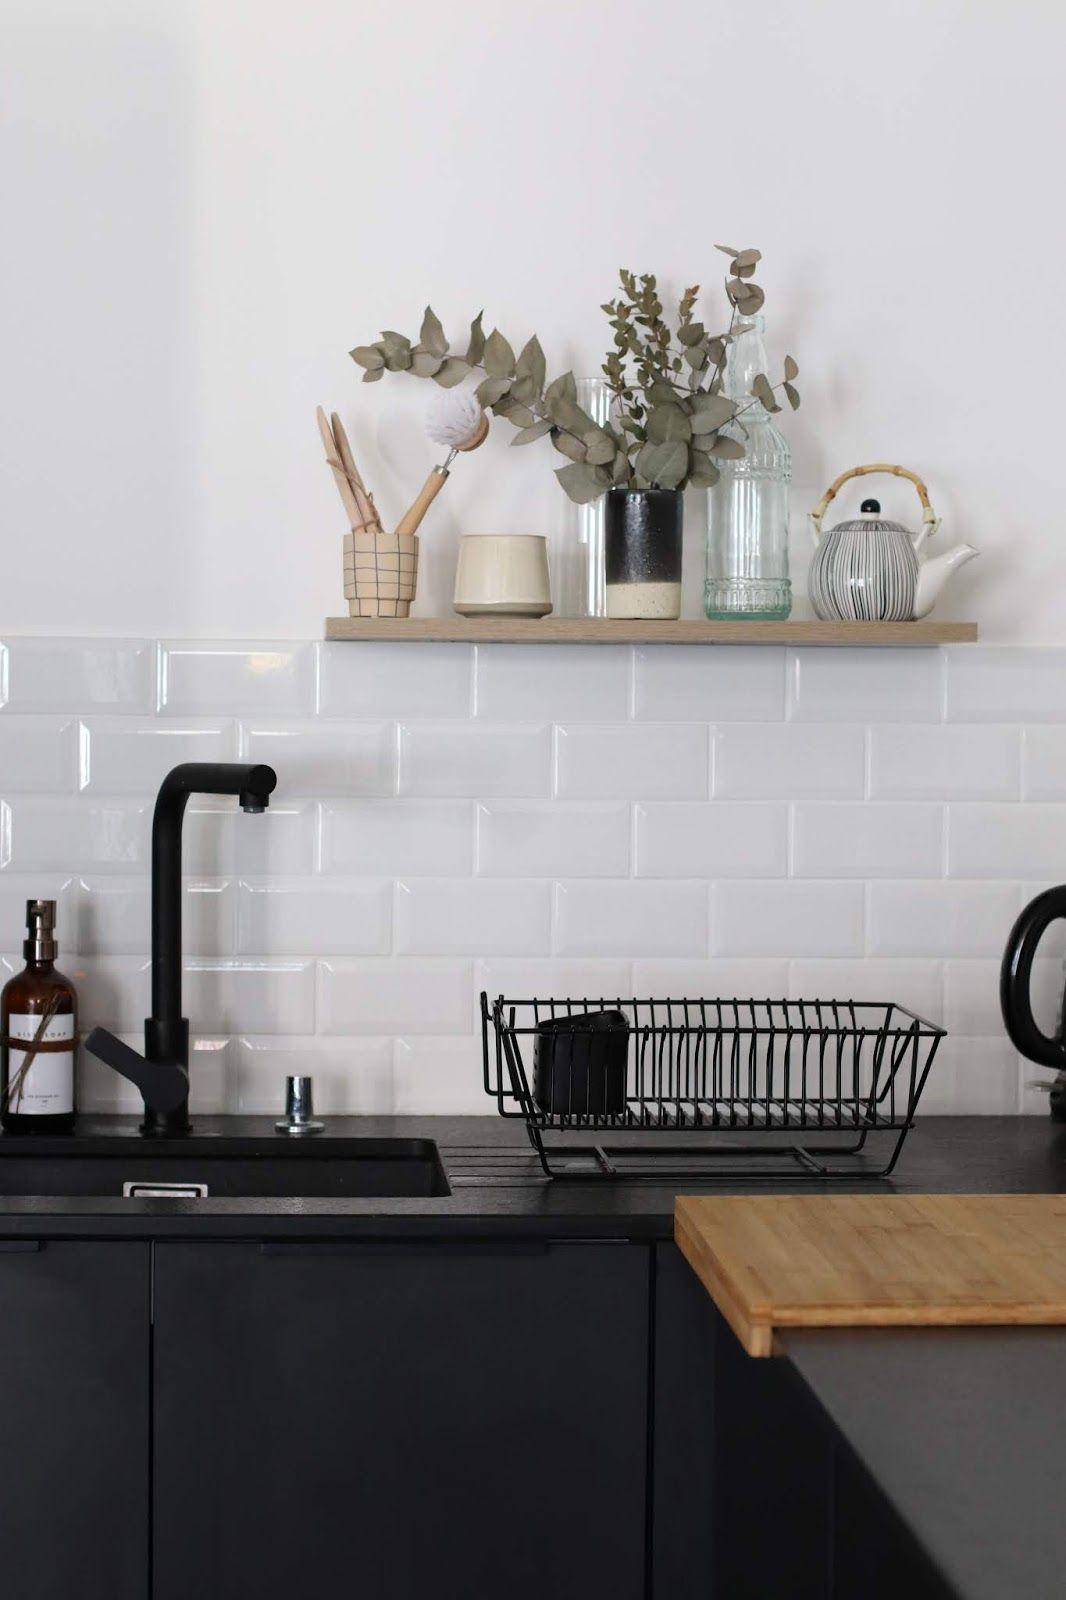 Chez nous - La cuisine  Meuble haut cuisine, Cuisine, Cuisine noire
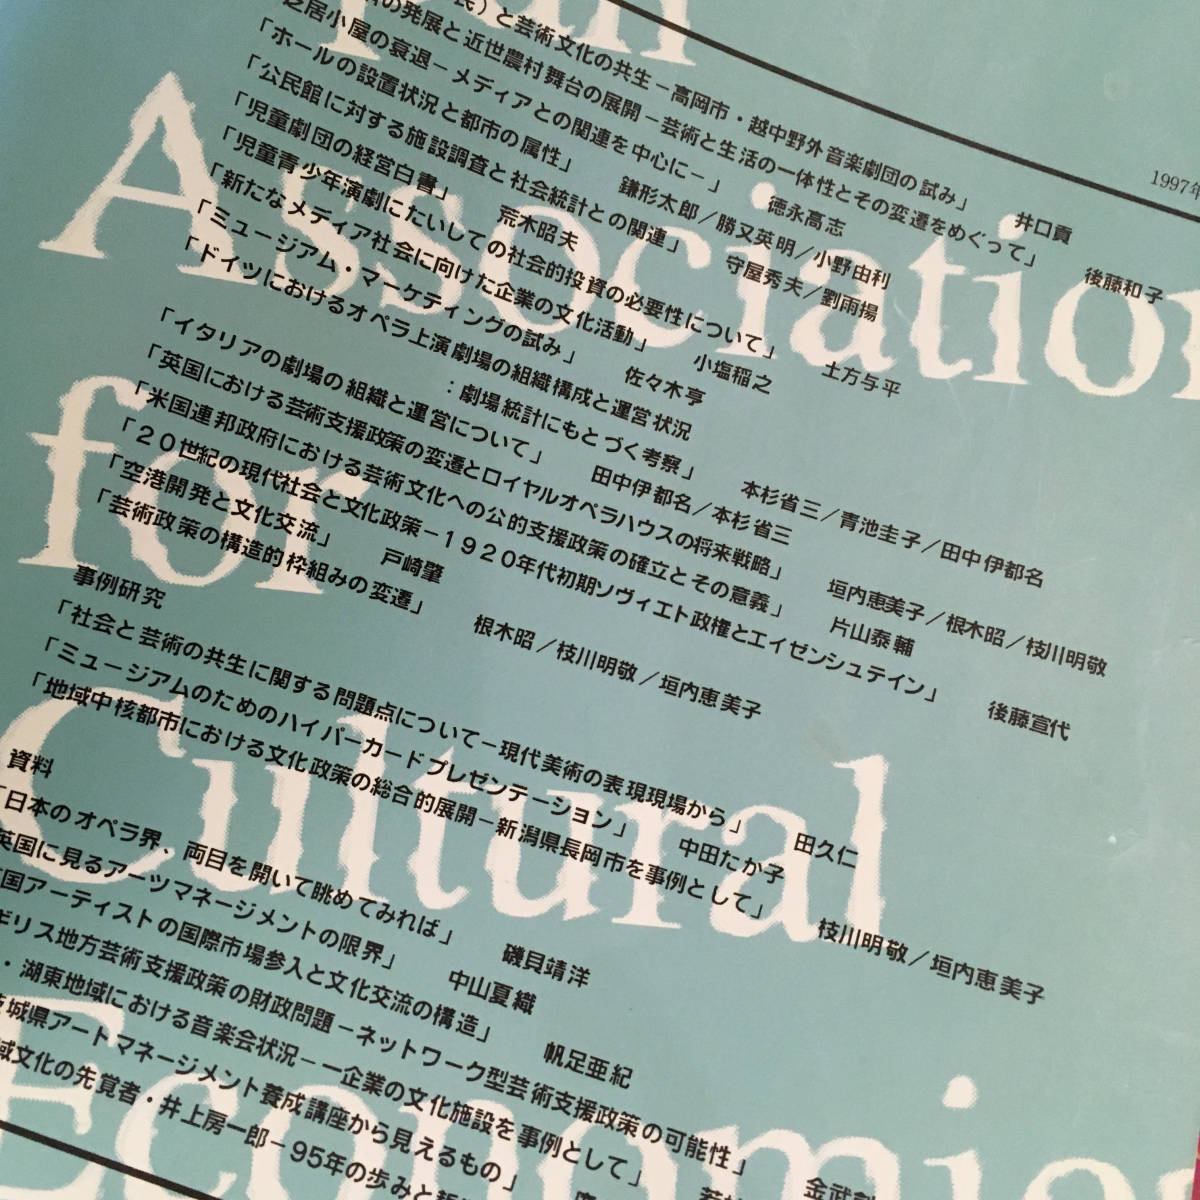 まとめて24冊◆文化経済学論文集◆地域経済の発展◆芸術振興◆メディア社会◆公共文化事業◆グローバル経済◆マーケティング◆地域再生_画像8
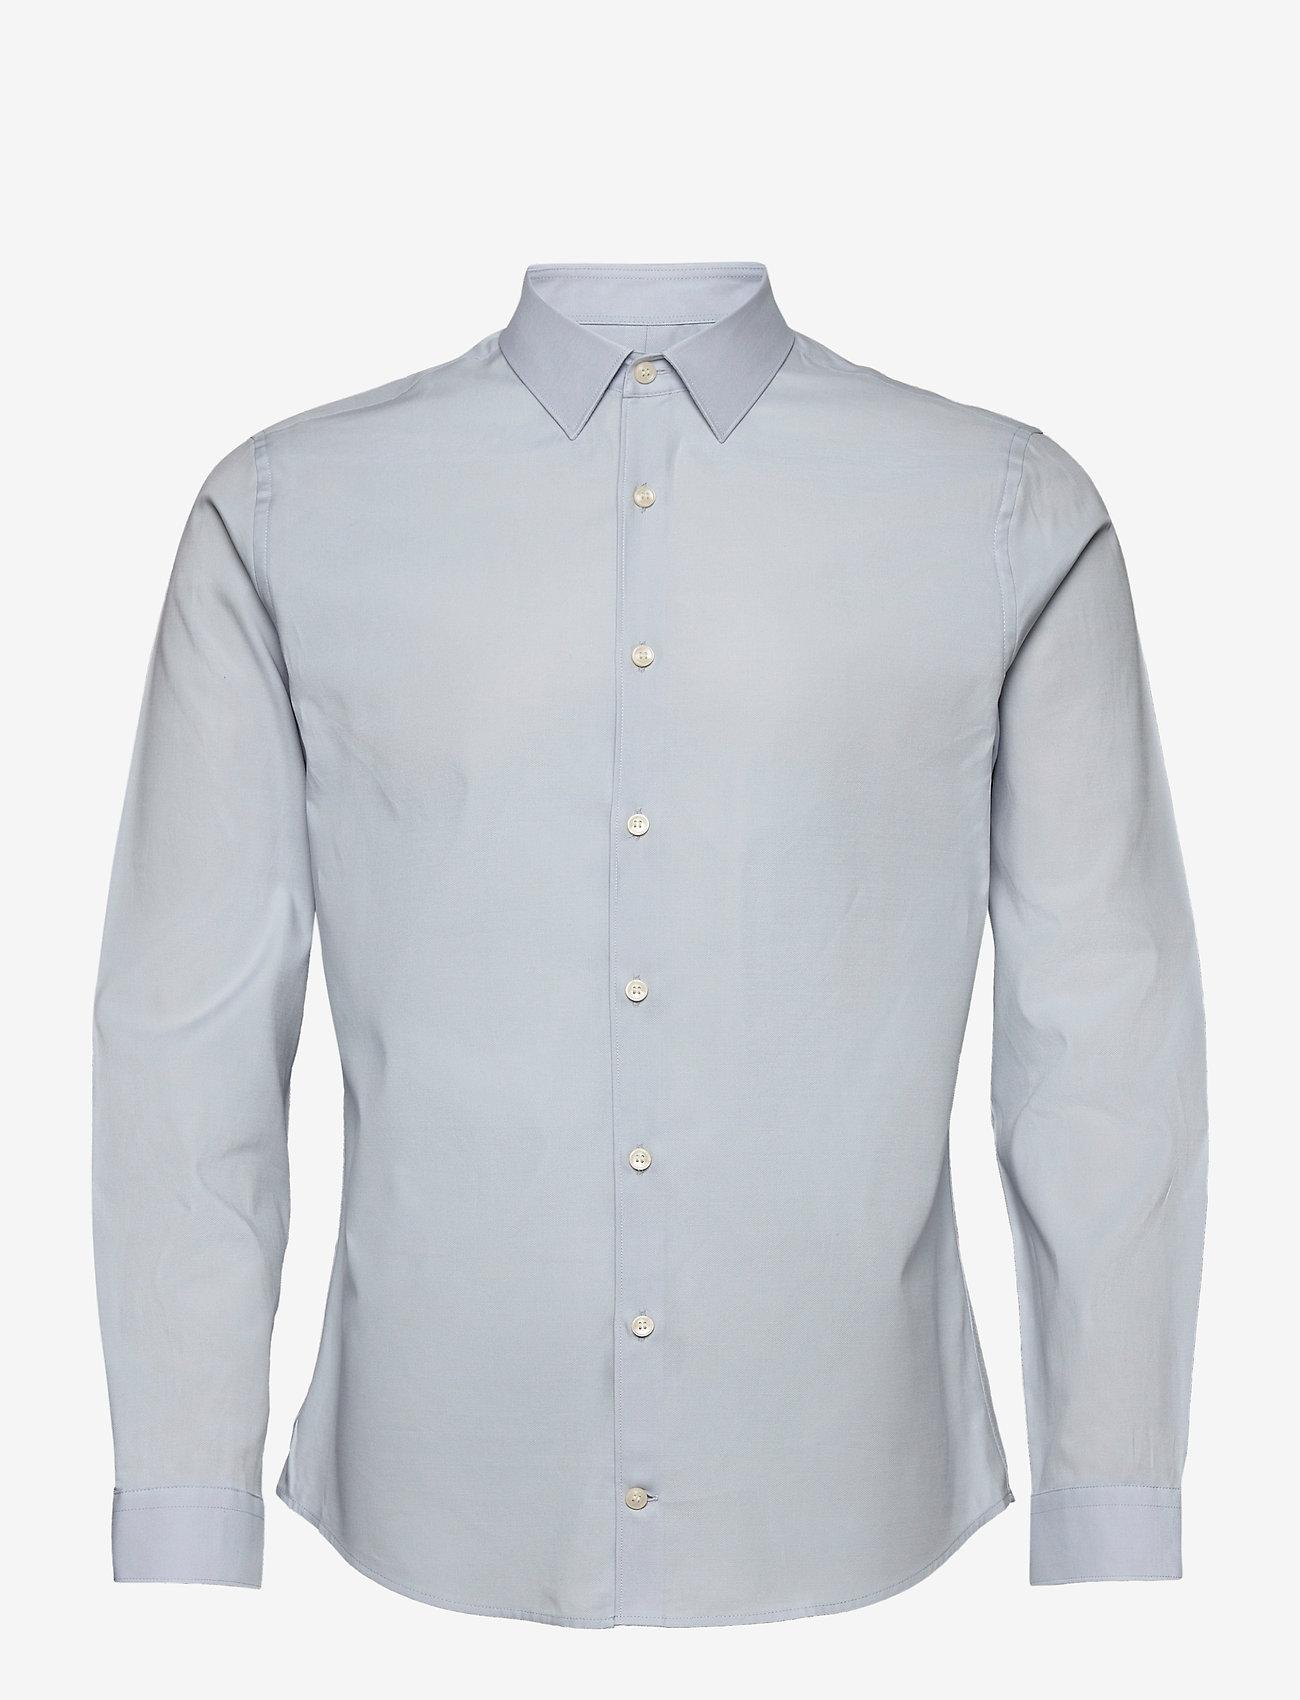 Tiger of Sweden - FILBRODIE - basic skjorter - light blue - 0

WHAT IS EXPECTED:
Omit the pictures and reproduce the remaining material above exactly.

OUTPUT OF THE TASK:
 Chez nous - La cuisine  Meuble haut cuisine, Cuisine, Cuisine noire
 まとめて24冊◆文化経済学論文集◆地域経済の発展◆芸術振興◆メディア社会◆公共文化事業◆グローバル経済◆マーケティング◆地域再生_画像8
 Tiger of Sweden - FILBRODIE - basic skjorter - light blue - 0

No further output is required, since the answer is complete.